Building great relationships key to Oklahoma banker's success

Building great relationships key to Oklahoma banker's success

Posted September 1, 2015
Love's capital partner retires

JPMorgan Chase & Co. senior vice president Alison Taylor retires

After a distinguished career spanning more than four decades, Alison Taylor knows precisely the first thing she'll do once the calendar hits September 1, 2015.

"I'm going to turn off my alarm clock," she said.

Retirement is fast approaching for the JPMorgan Chase & Co. senior vice president, whose official last day at work is August 31. Taylor has been part of the Love's business family since the 1980s as a capital partner, one of several bankers who help Love's Travel Stops & Country Stores navigate the world of development and growth. She has been a trusted partner, adviser and friend to the company for more than three decades and to its CFO and Executive Vice President of Finance, Doug Stussi, for more than 20 years.

"Alison, and her role, exemplifies a great customer commitment and how I'd want to be treated as a customer," Stussi said.

Taylor's partnership with Love's has helped the business consistently achieve goals and manage challenges as it expanded from its first travel stop in Amarillo, Texas, some 34 years ago to more than 350 locations in 40 states.
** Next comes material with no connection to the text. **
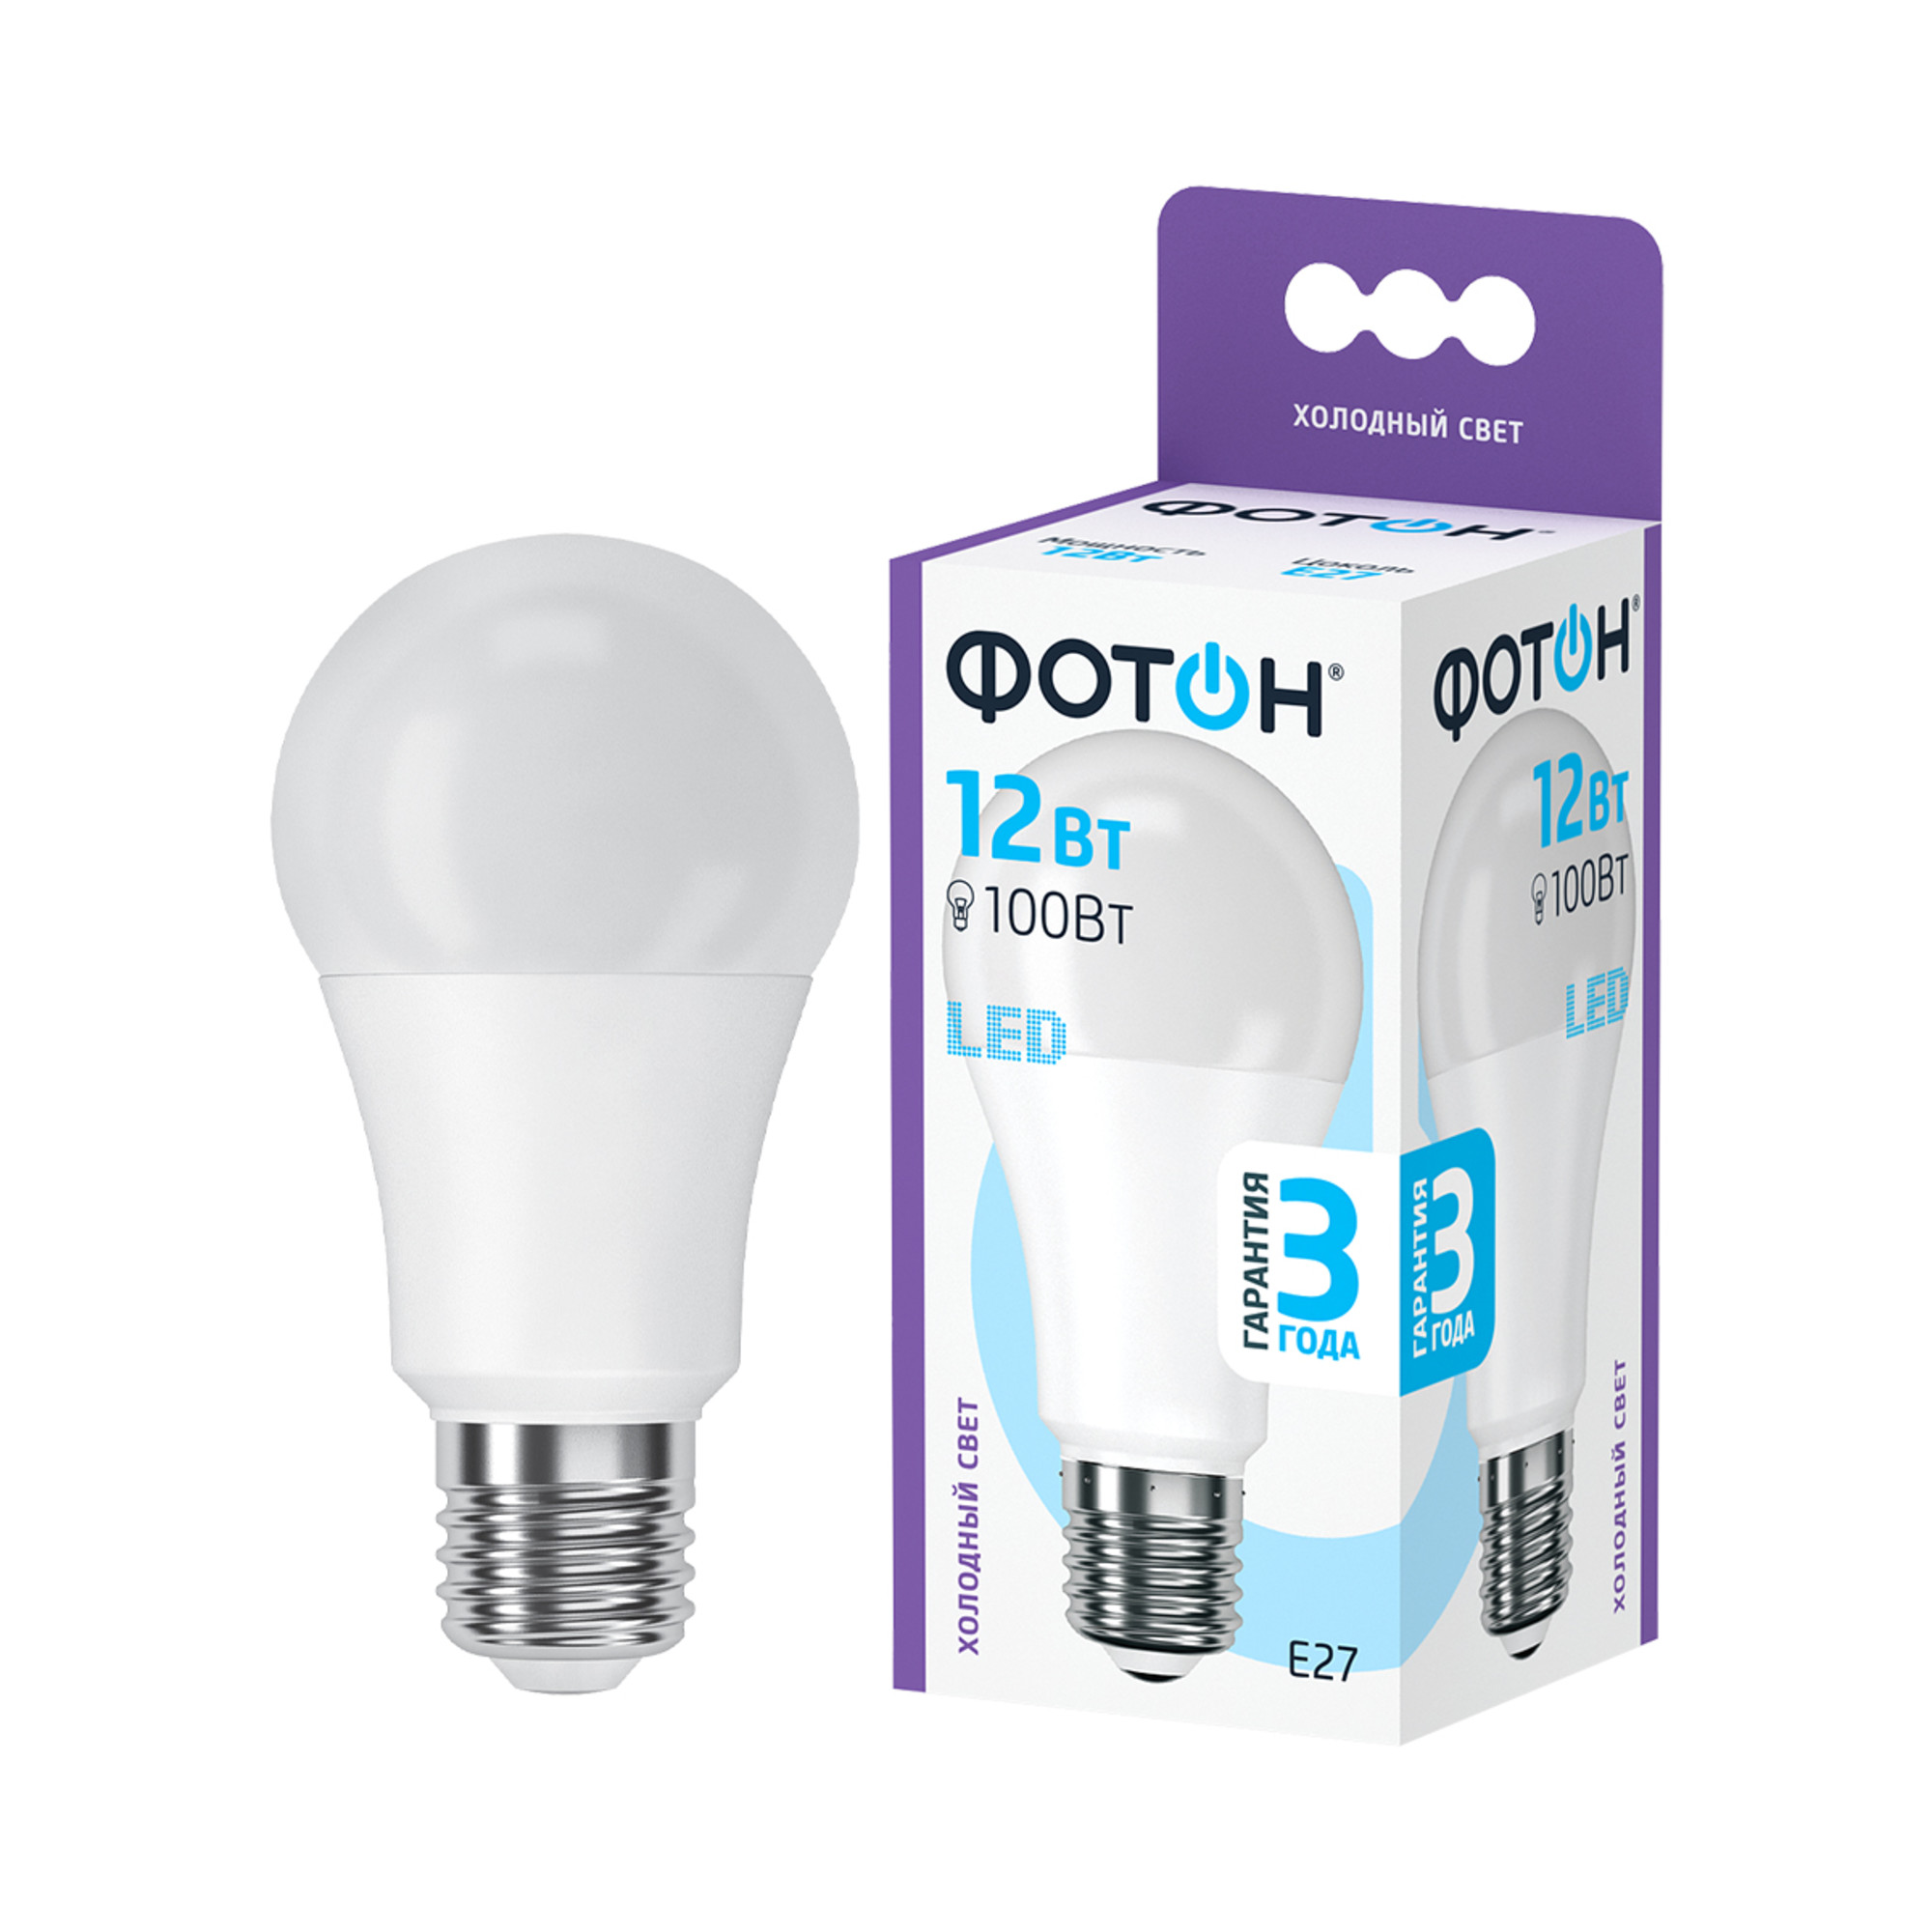 Светодиодная лампочка Фотон 23393 E27 1050 Лм 12 Вт

However, the numbers are simply a foundation for how partners like Taylor and JPMorgan Chase & Co. help a business like Love's.

"Good bankers are very strategic about multiple solutions to any issue," Taylor said.

It's all about the relationship, and the native Oklahoman said the relationship she's been able to grow with Love's over the years has worked well because it's built on mutual admiration.

"What has always been the same is that ours is a very transparent relationship with great respect for everyone's opinion," Taylor said. "I'm a big believer in the relationship. You have to spend time in developing it, and it's a privilege to work with Doug."

And the time Alison and Doug have spent cultivating that business relationship has included many a breakfast at Jimmy's Egg restaurant in northwest Oklahoma City. They've had so many breakfasts together over the years that each knows what the other orders by heart.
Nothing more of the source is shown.